To solve the above problems, a more reasonable way is to forecast the demand of cold chain logistics scientifically by conducting mathematical model. Accurate prediction of cold chain logistics development trend is of great strategic significance for the sustainable development of the overall national economy. From the macrolevel, the cold chain logistics infrastructure construction, cold chain-related support policies, etc., can have better effect only if the layout is planned according to the demand [1]. From the microlevel, if the demand scale and development trend of cold chain logistics can be predicted in advance, it can play a role of wind vane for microindividuals to a certain extent. Therefore, this paper innovatively uses data mining to conduct the mathematical analysis and forecast the demand of cold chain logistics. According to the mathematical logic of grey prediction and neural network algorithm, relevant program codes with R language are created and run to establish prediction models. Then, we compare the prediction effect of the two and find out the relatively better prediction model. This paper provides more accurate and effective prediction methods by constructing the neural network algorithm model based on data mining, so as to promote the progress of society and the development of cold chain logistics engineering and management.

2. Literature Review

China’s cold chain logistics industry started late, and its foundation is relatively weak. The relevant data statistics and research work are not comprehensive enough so far. From the existing literature, the current research on cold chain logistics mainly focuses on the following aspects. The first kind is qualitative research, stressing on the theoretical analysis of cold chain logistics status and countermeasures. Although China’s cold chain logistics is booming, there are still many problems related to the cold chain logistic, which cannot be ignored. The problems of cold chain logistics mainly include the backward of infrastructure construction, insufficient investment in construction funds, the incomplete formation of cold chain logistics system, and the low level of informatization. From the perspective of the development of commercial circulation industry, China’s cold chain logistics has deficiencies in transportation cost, cold chain continuity, enterprise development factor investment, agricultural product standardization, and cold chain awareness, which restrict the development of cold chain logistics [2]. In view of these problems, some scholars believe that it is necessary to promote the development of cold chain logistics from the aspects of macromanagement, standardization, brand building, and consumer awareness training of cold chain logistics. At the same time, we should increase the investment in cold chain logistics infrastructure and information construction, accelerate the construction and improvement of agricultural products cold chain network system, and strengthen the research and development and application of new technologies of agricultural products cold chain logistics [3]. Through strengthening coordination and supervision, strengthening policy support, increasing capital investment, and accelerating personnel training, the development of cold chain logistics can be promoted [4].
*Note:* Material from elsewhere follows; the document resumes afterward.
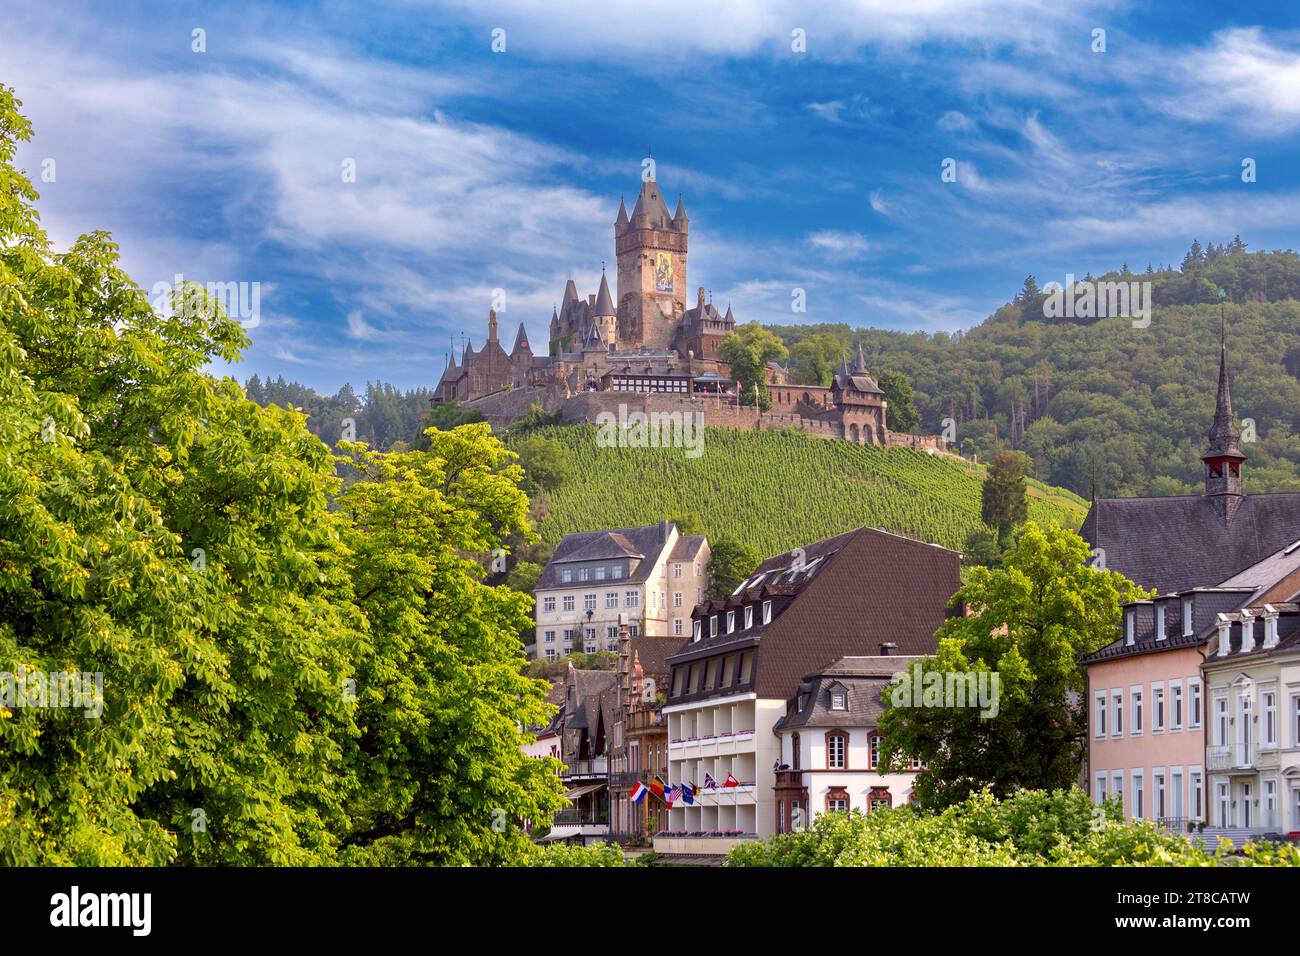 Fortezza medievale europea di Reichsburg su una collina con vigneti in una giornata di sole. Cochem, Germania. Foto Stock

On the literature of cold chain logistics, the second hotpot of research direction mainly focuses on empirical analysis from different influencing factors and evaluates the effect and efficiency of cold chain logistics, which emphasizes data mining and processing. Guo Mingde et al. calculated and analyzed the development level of cold chain logistics in 12 provinces and cities by using a factor analysis method, multilayer perception, and cluster analysis method and pointed out that there are significant differences in the cold chain logistics level of agricultural products in China. The development level of cold chain logistics in the eastern region is the highest, followed by the middle part, and then the western region. Generally speaking, the development level of cold chain logistics in China presents a ladder shape [5]. Gao Fan analyzed the influencing factors of deterioration loss of cold chain agricultural products and pointed out the development trend of controlling the deterioration loss of cold chain agricultural products from the perspectives of cold chain inventory, cold chain storage, transportation and distribution time, cold chain investment, and temperature control [6]. Tian Yujie et al. adopted the comprehensive weighting method combining AHP method and entropy weight method to determine the weight of the comprehensive evaluation index and comprehensively evaluated the logistics safety of fresh products from the aspects of storage, transportation, packaging, distribution, and handling [7]. Cao Wujun et al. analyzed the distribution efficiency of cold chain logistics based on system dynamics and found that when enterprises pay attention to the dynamic market demand, actively meet the needs of consumers, and increase the supply-demand ratio of cold and fresh meat products, the distribution efficiency can be improved to a certain extent, thus improving customer satisfaction and increasing the market share of enterprises [8]. Based on the perspective of time and space, Wang Jun and Li Hongchang discussed the role of the intermediate layer organization in the agricultural product cold chain logistics and pointed out that the role of the intermediate layer of the agricultural product cold chain is affected by the external environment such as social economy and policy and also affected by the internal governance performance [9].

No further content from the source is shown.